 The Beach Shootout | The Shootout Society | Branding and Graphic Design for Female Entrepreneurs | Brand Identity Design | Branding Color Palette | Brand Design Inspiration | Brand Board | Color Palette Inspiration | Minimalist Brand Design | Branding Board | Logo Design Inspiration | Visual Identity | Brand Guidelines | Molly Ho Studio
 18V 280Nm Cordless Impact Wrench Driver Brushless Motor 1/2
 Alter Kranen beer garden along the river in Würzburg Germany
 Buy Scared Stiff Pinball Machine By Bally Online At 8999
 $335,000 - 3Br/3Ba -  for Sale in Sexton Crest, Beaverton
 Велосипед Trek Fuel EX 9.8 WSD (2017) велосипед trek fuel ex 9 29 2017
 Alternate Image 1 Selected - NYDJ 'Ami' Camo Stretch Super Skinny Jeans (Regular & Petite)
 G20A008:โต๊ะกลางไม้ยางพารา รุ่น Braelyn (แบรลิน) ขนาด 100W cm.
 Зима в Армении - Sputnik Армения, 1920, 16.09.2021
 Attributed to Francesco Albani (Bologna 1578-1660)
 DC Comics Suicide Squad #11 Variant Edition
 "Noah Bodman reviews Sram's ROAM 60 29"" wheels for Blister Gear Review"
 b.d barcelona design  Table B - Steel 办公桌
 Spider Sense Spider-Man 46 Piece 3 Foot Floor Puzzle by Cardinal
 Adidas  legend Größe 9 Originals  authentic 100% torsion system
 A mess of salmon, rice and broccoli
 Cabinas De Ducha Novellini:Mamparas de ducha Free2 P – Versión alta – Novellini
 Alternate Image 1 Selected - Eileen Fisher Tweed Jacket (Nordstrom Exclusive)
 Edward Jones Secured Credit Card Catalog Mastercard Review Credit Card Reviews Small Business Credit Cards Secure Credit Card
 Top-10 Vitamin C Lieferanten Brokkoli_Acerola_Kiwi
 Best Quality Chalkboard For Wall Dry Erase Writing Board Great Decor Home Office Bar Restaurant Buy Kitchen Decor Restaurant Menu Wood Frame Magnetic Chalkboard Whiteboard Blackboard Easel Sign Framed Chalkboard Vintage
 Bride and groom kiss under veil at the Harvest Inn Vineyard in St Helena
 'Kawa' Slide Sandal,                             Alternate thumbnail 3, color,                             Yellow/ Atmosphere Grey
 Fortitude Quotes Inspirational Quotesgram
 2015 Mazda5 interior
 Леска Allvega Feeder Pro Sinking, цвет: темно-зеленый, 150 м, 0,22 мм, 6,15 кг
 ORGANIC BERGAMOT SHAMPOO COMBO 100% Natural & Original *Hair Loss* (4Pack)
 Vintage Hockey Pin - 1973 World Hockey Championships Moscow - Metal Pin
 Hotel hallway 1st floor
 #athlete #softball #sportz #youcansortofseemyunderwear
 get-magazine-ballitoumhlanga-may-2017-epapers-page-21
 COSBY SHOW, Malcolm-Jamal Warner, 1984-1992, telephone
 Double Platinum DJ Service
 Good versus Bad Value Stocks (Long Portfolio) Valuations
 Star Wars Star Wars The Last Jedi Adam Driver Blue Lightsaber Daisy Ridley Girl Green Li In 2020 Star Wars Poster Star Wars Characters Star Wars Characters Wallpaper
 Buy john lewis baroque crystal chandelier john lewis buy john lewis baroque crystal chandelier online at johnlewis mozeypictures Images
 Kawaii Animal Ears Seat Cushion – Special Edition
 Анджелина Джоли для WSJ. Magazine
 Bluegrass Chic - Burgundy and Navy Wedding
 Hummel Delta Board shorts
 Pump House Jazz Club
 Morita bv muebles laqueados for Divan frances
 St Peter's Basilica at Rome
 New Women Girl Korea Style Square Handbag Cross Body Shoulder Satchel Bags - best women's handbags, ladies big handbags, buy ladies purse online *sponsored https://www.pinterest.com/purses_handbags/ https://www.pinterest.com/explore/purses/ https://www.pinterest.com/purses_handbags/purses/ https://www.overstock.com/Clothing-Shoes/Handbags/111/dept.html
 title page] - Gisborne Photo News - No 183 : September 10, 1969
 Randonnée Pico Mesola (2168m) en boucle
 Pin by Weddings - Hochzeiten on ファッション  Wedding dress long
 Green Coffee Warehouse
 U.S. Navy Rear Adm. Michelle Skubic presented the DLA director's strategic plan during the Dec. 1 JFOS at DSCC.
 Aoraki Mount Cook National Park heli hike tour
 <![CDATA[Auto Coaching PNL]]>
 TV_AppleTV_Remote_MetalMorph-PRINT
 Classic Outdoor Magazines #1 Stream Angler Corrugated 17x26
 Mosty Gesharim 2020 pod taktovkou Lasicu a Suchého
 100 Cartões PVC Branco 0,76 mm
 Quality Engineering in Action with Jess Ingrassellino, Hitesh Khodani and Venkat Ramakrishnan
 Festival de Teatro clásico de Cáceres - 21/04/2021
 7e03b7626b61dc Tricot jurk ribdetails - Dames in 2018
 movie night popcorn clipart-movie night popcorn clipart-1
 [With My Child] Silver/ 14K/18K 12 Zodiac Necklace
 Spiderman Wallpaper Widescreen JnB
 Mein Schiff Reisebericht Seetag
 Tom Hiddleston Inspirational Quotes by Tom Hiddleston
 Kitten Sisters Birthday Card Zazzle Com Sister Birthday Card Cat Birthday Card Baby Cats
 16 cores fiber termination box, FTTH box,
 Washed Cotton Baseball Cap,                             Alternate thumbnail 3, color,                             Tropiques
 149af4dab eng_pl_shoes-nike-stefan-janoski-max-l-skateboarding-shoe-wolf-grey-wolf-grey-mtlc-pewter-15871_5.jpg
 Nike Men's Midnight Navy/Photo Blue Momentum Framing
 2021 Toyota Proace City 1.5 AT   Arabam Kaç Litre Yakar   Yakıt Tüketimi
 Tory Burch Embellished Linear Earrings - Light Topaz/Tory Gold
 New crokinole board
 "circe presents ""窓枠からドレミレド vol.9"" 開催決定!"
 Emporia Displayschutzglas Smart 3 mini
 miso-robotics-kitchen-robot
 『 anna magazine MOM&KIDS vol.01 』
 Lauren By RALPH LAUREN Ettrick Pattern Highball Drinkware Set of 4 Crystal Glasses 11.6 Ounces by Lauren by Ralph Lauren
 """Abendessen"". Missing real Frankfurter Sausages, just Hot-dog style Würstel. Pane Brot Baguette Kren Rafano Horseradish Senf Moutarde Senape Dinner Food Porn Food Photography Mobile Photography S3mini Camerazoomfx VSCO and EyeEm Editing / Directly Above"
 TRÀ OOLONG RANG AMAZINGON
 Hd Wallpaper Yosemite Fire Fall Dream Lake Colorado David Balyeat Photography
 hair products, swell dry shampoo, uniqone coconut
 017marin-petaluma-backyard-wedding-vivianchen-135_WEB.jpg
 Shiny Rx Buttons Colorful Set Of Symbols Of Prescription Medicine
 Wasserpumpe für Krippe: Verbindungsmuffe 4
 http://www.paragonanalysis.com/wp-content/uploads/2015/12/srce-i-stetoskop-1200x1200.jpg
——————
- _TASK STATEMENT_
Copy the lines above exactly, beginning at the line that has "b.d barcelona design" and stopping after the line that has "Double Platinum DJ Service", and omit the rest.

- _SOLUTION BELOW_
 b.d barcelona design  Table B - Steel 办公桌
 Spider Sense Spider-Man 46 Piece 3 Foot Floor Puzzle by Cardinal
 Adidas  legend Größe 9 Originals  authentic 100% torsion system
 A mess of salmon, rice and broccoli
 Cabinas De Ducha Novellini:Mamparas de ducha Free2 P – Versión alta – Novellini
 Alternate Image 1 Selected - Eileen Fisher Tweed Jacket (Nordstrom Exclusive)
 Edward Jones Secured Credit Card Catalog Mastercard Review Credit Card Reviews Small Business Credit Cards Secure Credit Card
 Top-10 Vitamin C Lieferanten Brokkoli_Acerola_Kiwi
 Best Quality Chalkboard For Wall Dry Erase Writing Board Great Decor Home Office Bar Restaurant Buy Kitchen Decor Restaurant Menu Wood Frame Magnetic Chalkboard Whiteboard Blackboard Easel Sign Framed Chalkboard Vintage
 Bride and groom kiss under veil at the Harvest Inn Vineyard in St Helena
 'Kawa' Slide Sandal,                             Alternate thumbnail 3, color,                             Yellow/ Atmosphere Grey
 Fortitude Quotes Inspirational Quotesgram
 2015 Mazda5 interior
 Леска Allvega Feeder Pro Sinking, цвет: темно-зеленый, 150 м, 0,22 мм, 6,15 кг
 ORGANIC BERGAMOT SHAMPOO COMBO 100% Natural & Original *Hair Loss* (4Pack)
 Vintage Hockey Pin - 1973 World Hockey Championships Moscow - Metal Pin
 Hotel hallway 1st floor
 #athlete #softball #sportz #youcansortofseemyunderwear
 get-magazine-ballitoumhlanga-may-2017-epapers-page-21
 COSBY SHOW, Malcolm-Jamal Warner, 1984-1992, telephone
 Double Platinum DJ Service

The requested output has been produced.